▶ **Exercise**
Find where "- Designed by John Herbert." occurs in the data below, and retype that line and every later line exactly.

▶ **Recorded data**
——
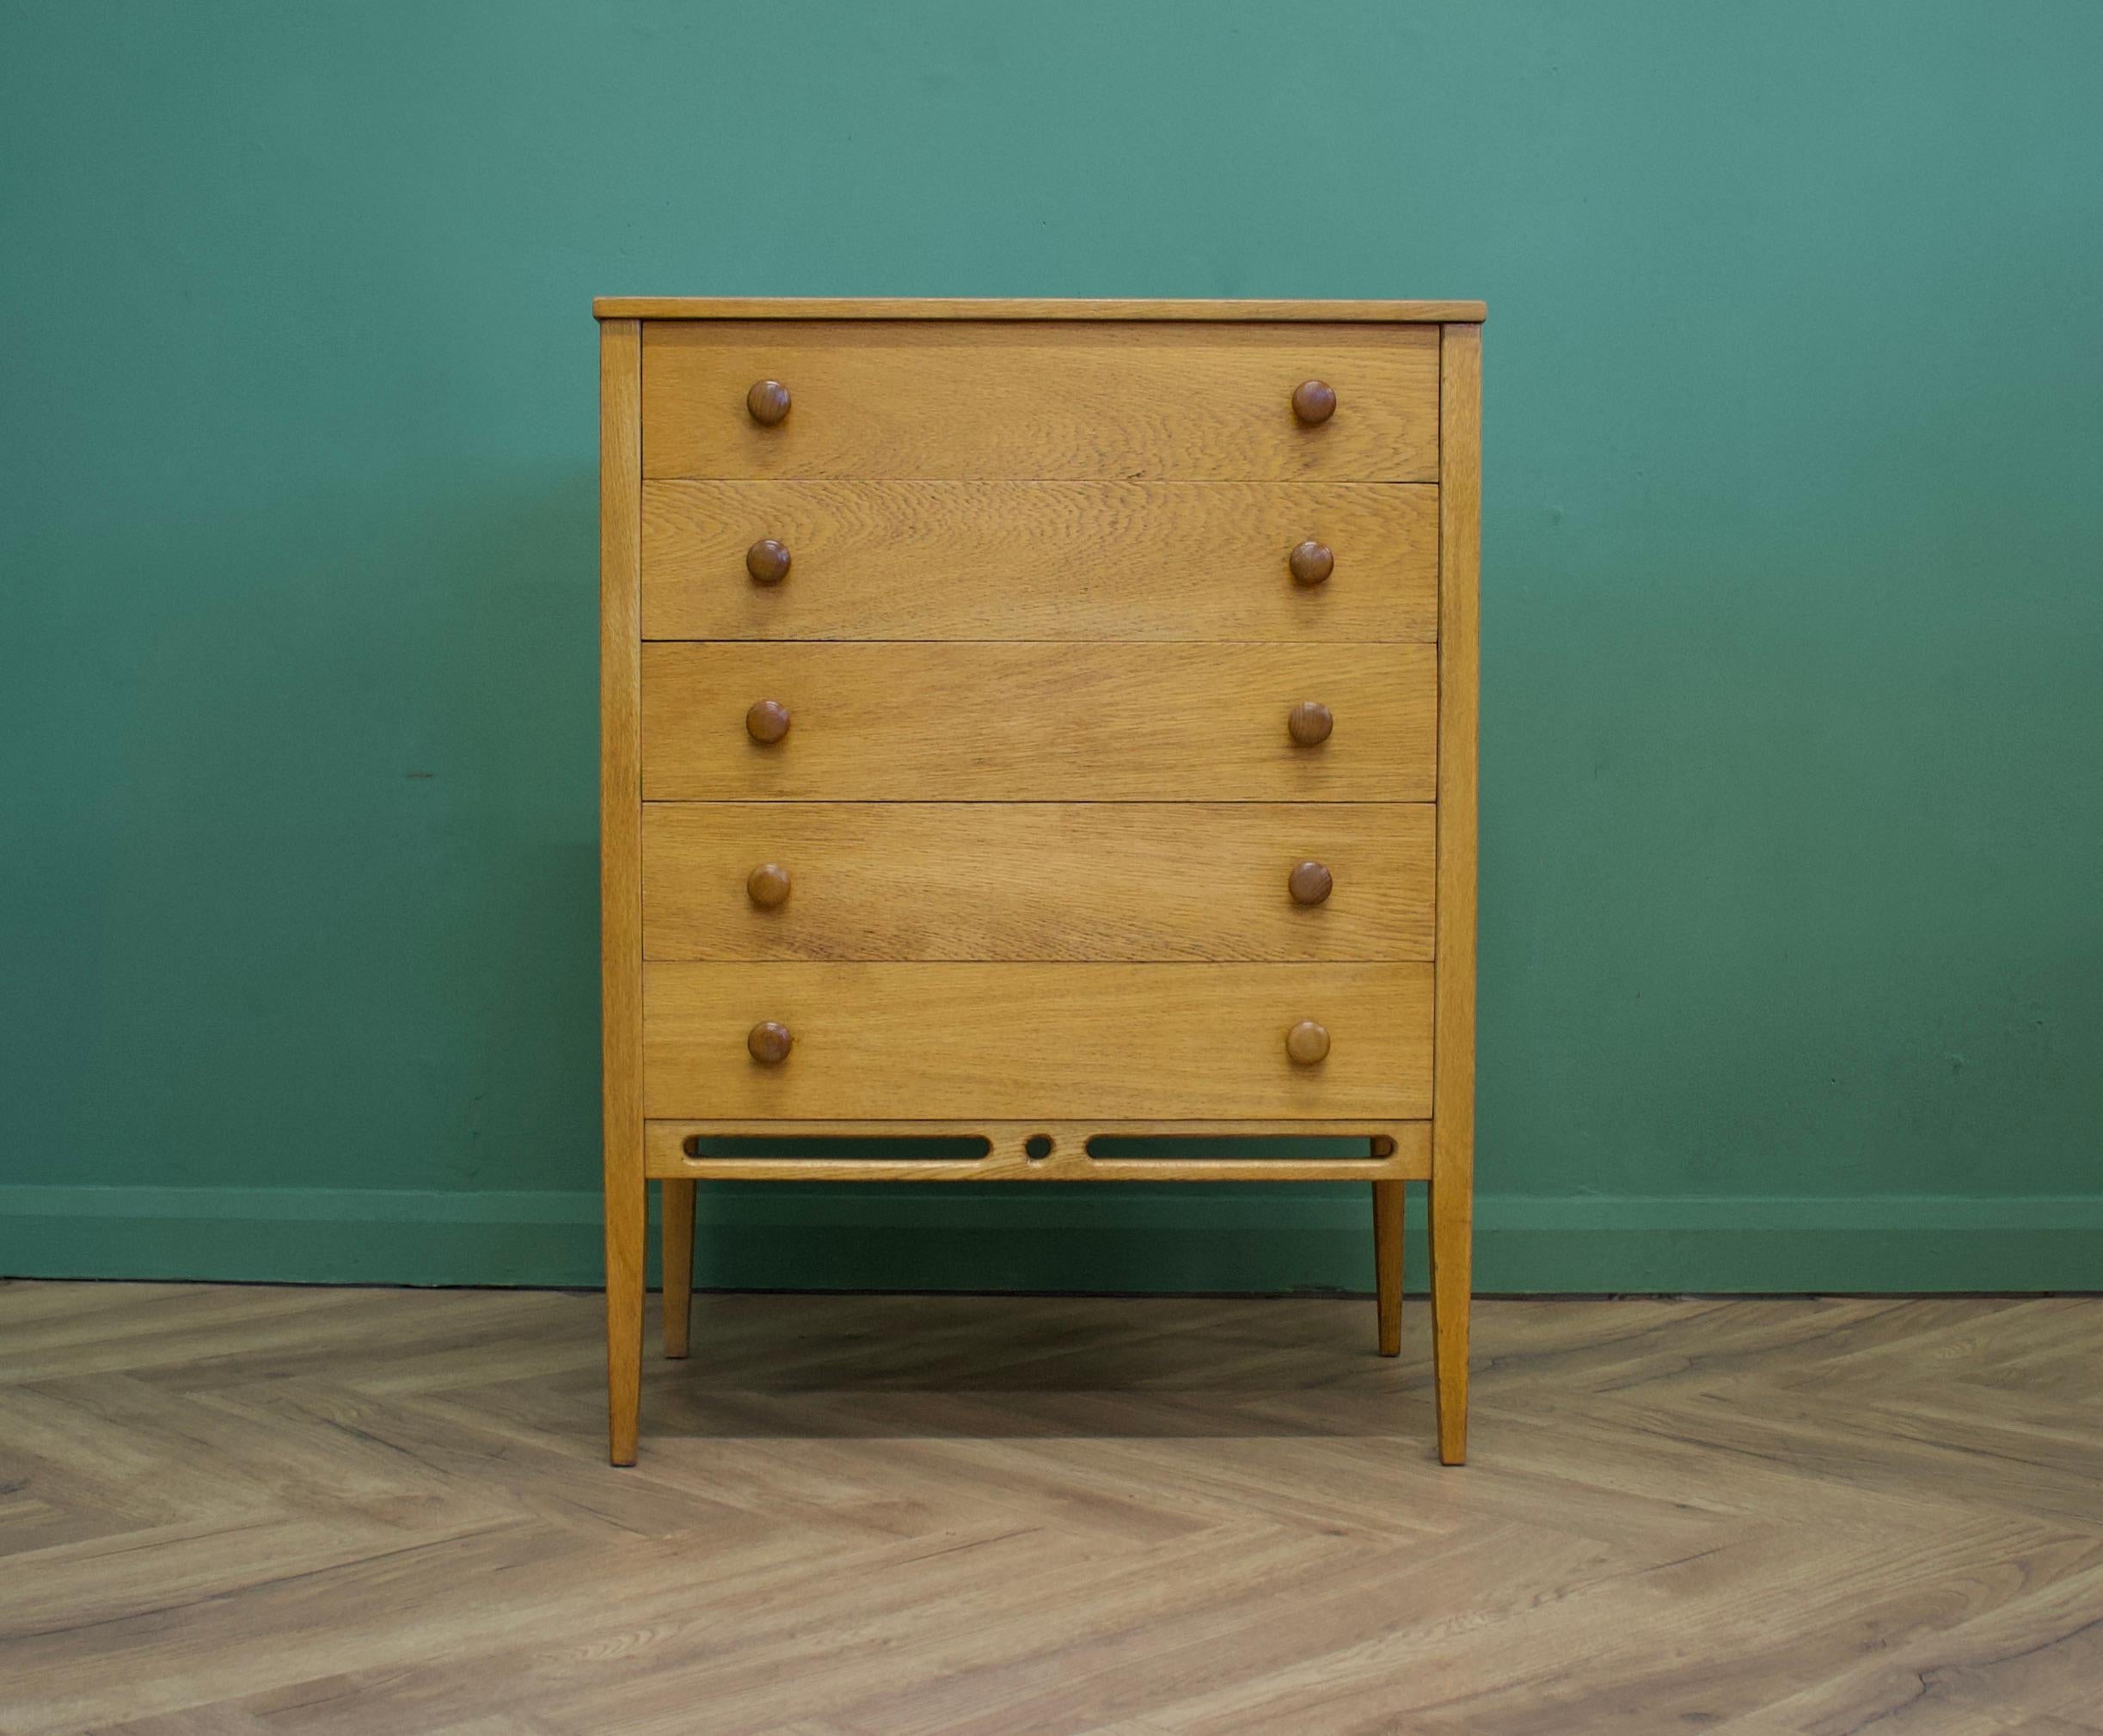 - Midcentury chest of drawers.
- Designed by John Herbert.
- Manufactured in the UK by Younger.
- Made from oak and oak veneer.
——
▶ **Exercise result**
- Designed by John Herbert.
- Manufactured in the UK by Younger.
- Made from oak and oak veneer.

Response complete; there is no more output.